Que l'on soit ou non de culture judéo-chrétienne, nous nous rendons compte que la fête de Noël renvoie plusieurs d'entre nous à des récits mythiques qui ont traversé le temps et qui ont contourné par leur beauté naïve nos scepticismes d'adultes gavés de doutes et de refus. Comme il est bon de penser tout à coup que l'enfant auquel se réfère la célébration chrétienne de Noël serait né la nuit, dans un bourg, avant le petit jour. Né d'une mère mystiquement envoûtée, avec la complicité d'un «père» emprunté, puis «posé dans une mangeoire». Au même moment, poursuit le texte sacré, «une armée céleste d'anges chantent les louanges de Dieu».

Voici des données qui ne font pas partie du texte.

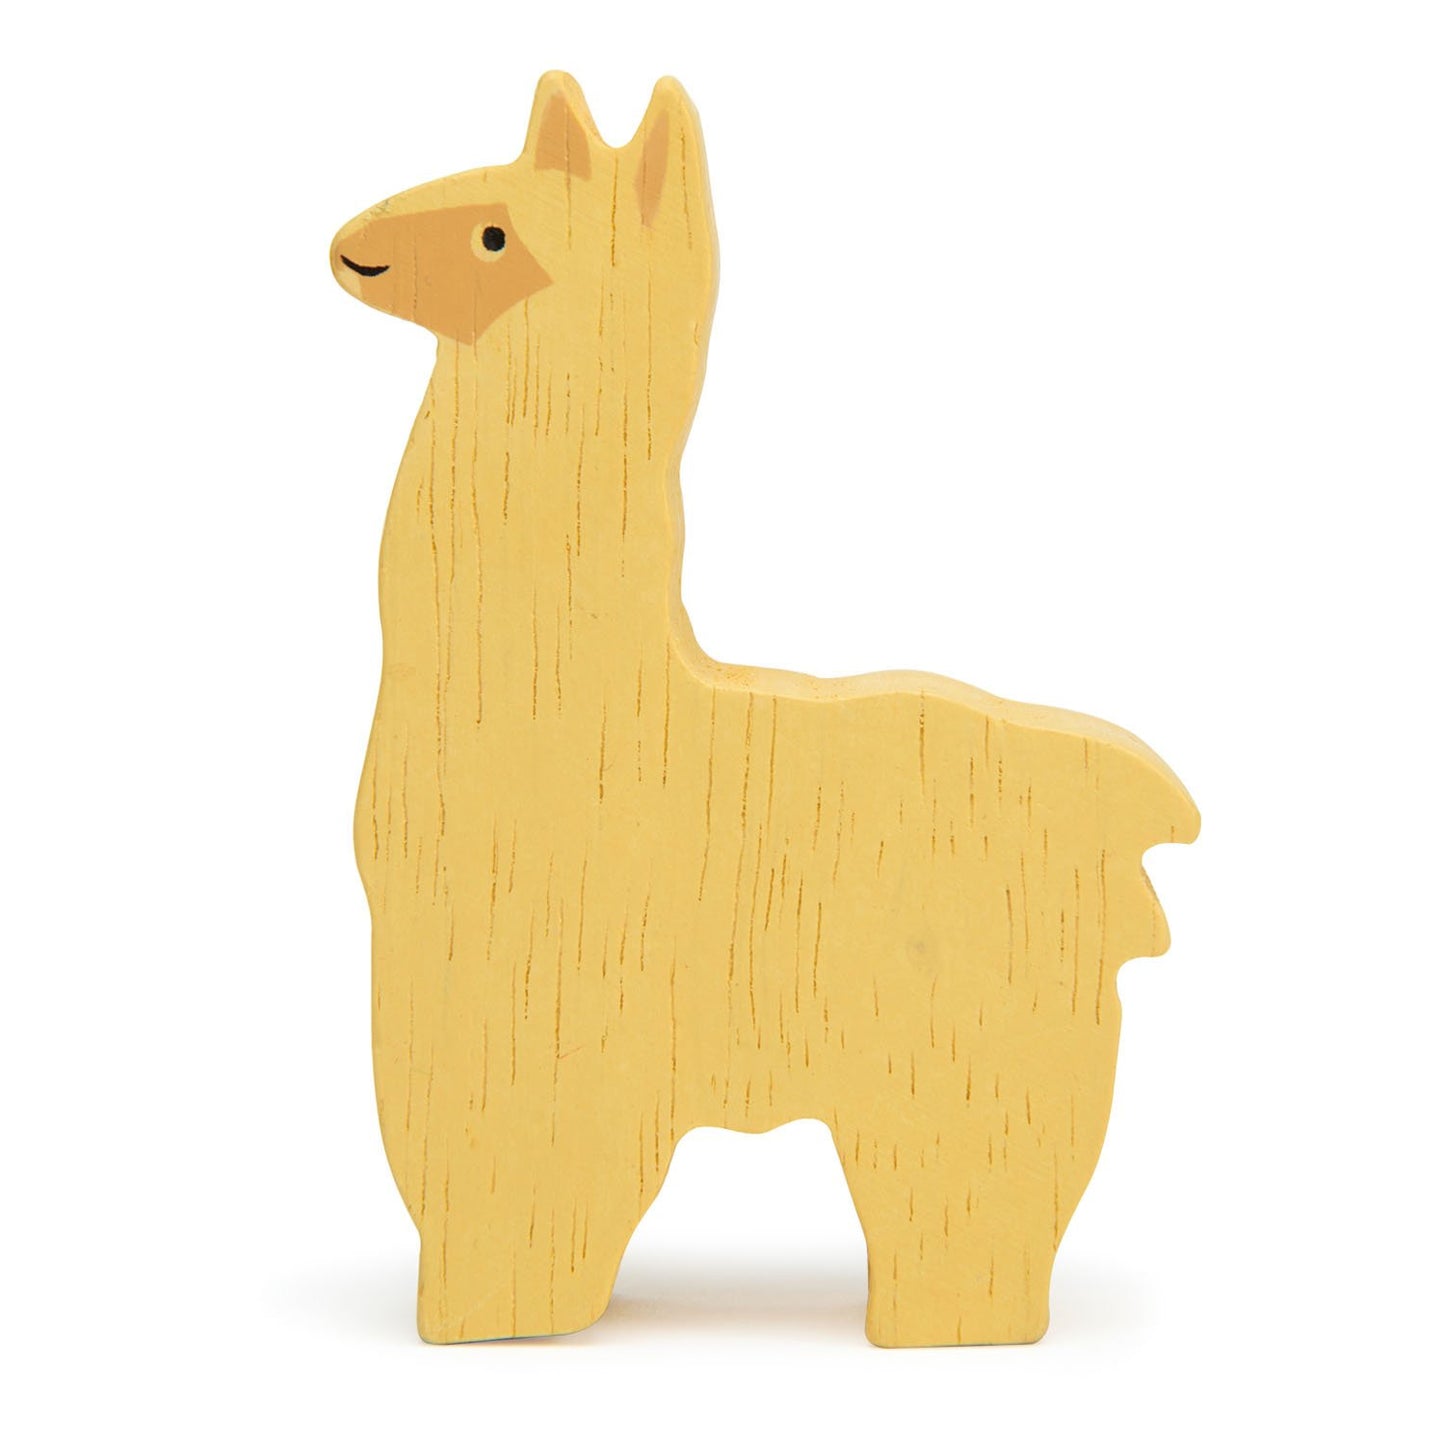 Wooden alpaca figurine front view

Même si, aujourd'hui, nos anges paraissent plutôt silencieux, nous aimons toujours cette fête enrubannée de mots et de cadeaux. Magie d'une nuit jamais oubliée, orchestrée en ce pays avec de joyeux cantiques pour la plupart venus de «l'autre bord»! Or, parmi ces chants de diverses traditions, il en est un qui, dit-on, doit presque tout de son inspiration au silence des hautes montagnes d'Autriche. Stille Nacht! Heilige Nacht! Ce soir, cette nuit, ou demain, plusieurs d'entre nous se surprendront peut-être à fredonner, voire à «tourner», sur des mots tout simples une mélodie tendre et douce comme sommeil d'enfant: Ô nuit de paix! Sainte nuit! Ce sera une fois de plus une manière de nous souhaiter, en tout respect et liberté, un Joyeux Noël!